---
name: video-recap
description: >
 Generate a Chinese-narration recap video from an input video, end to end. Use when the user
 gives a video file (.mp4 / .mov / .mkv / .webm) and asks to add narration, generate voiceover,
 dub, summarize, or produce a recap (短剧 / 电视剧 / 电影 / 纪录片 / 科普).

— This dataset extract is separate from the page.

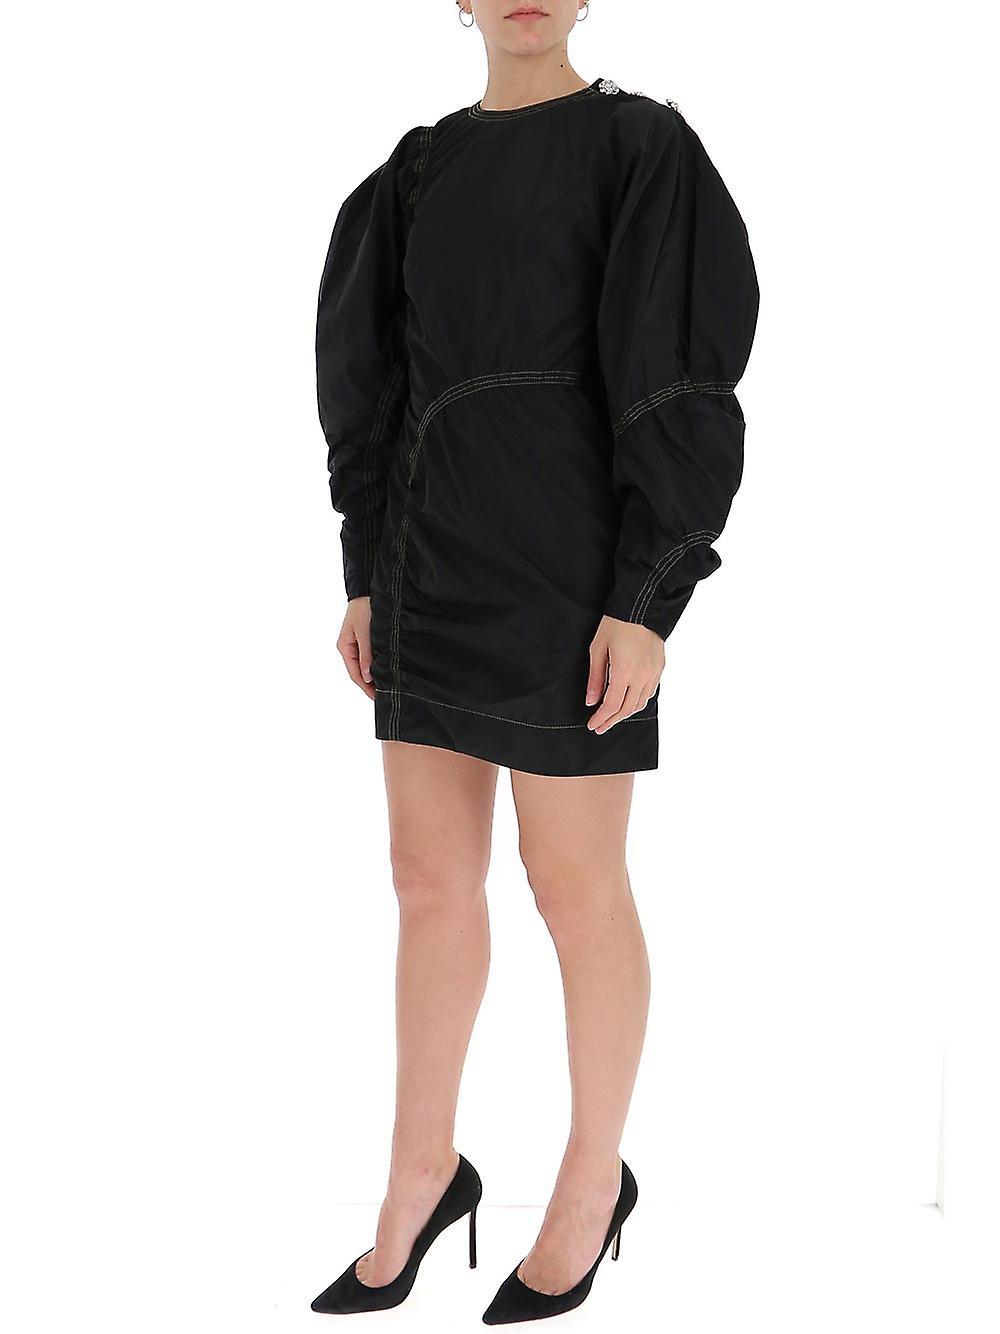 Ganni F4343099 Women-apos;s Robe en coton noir mvcVRk

Orchestrates the
 video-* skill bundle: understanding → (agent writes narration) → cut → voiceover → assemble.
 触发词: 视频解说, 视频旁白, 生成解说, 视频recap, video recap, voiceover, narration, auto-dub, recap.
---

## What this is

A thin orchestrator over five independent, self-contained skills (each in `skills/`, sharing only
JSON/MP4 artifacts in a `work_dir` — no shared code):

```
video-understanding ─▶ (agent writes narration.json per video-script) ─▶ [video-cut] ─▶ video-voiceover ─▶ video-assemble
```

It is **stateless**: rerun the same command after writing `narration.json` to continue.
Understanding artifacts are reused when fresh. For per-stage detail, read each skill's own SKILL.md.

## Install / env

```bash
# ffmpeg: brew install ffmpeg | apt install ffmpeg | choco install ffmpeg
export MIMO_API_KEY=***          # ONE key drives ASR + VLM + TTS (all MiMo)
```

The whole pipeline runs on ffmpeg + a single MiMo key: ASR (`mimo-v2.5-asr`), VLM (`mimo-v2.5`),
TTS (`mimo-v2.5-tts`). `tp-*` Token Plan keys default to the cn cluster (`MIMO_TOKEN_PLAN_CLUSTER`).
Optional MiMo scene-chunk video understanding: `--mimo-video-overview`.

Overridable defaults (zero-config otherwise): see `references/config-playbook.md`.

## Use

### 0. Research first (recommended)

If you can identify the source (show, film, topic), research it **before** analyzing and write
`work_dir/background_research.json` (see `video-understanding/references/research-guide.md`).
video-understanding folds it into the VLM context, so scene analysis can name characters and read
scenes with plot knowledge instead of labelling everyone "黑衣男子". Skip it when you can't research.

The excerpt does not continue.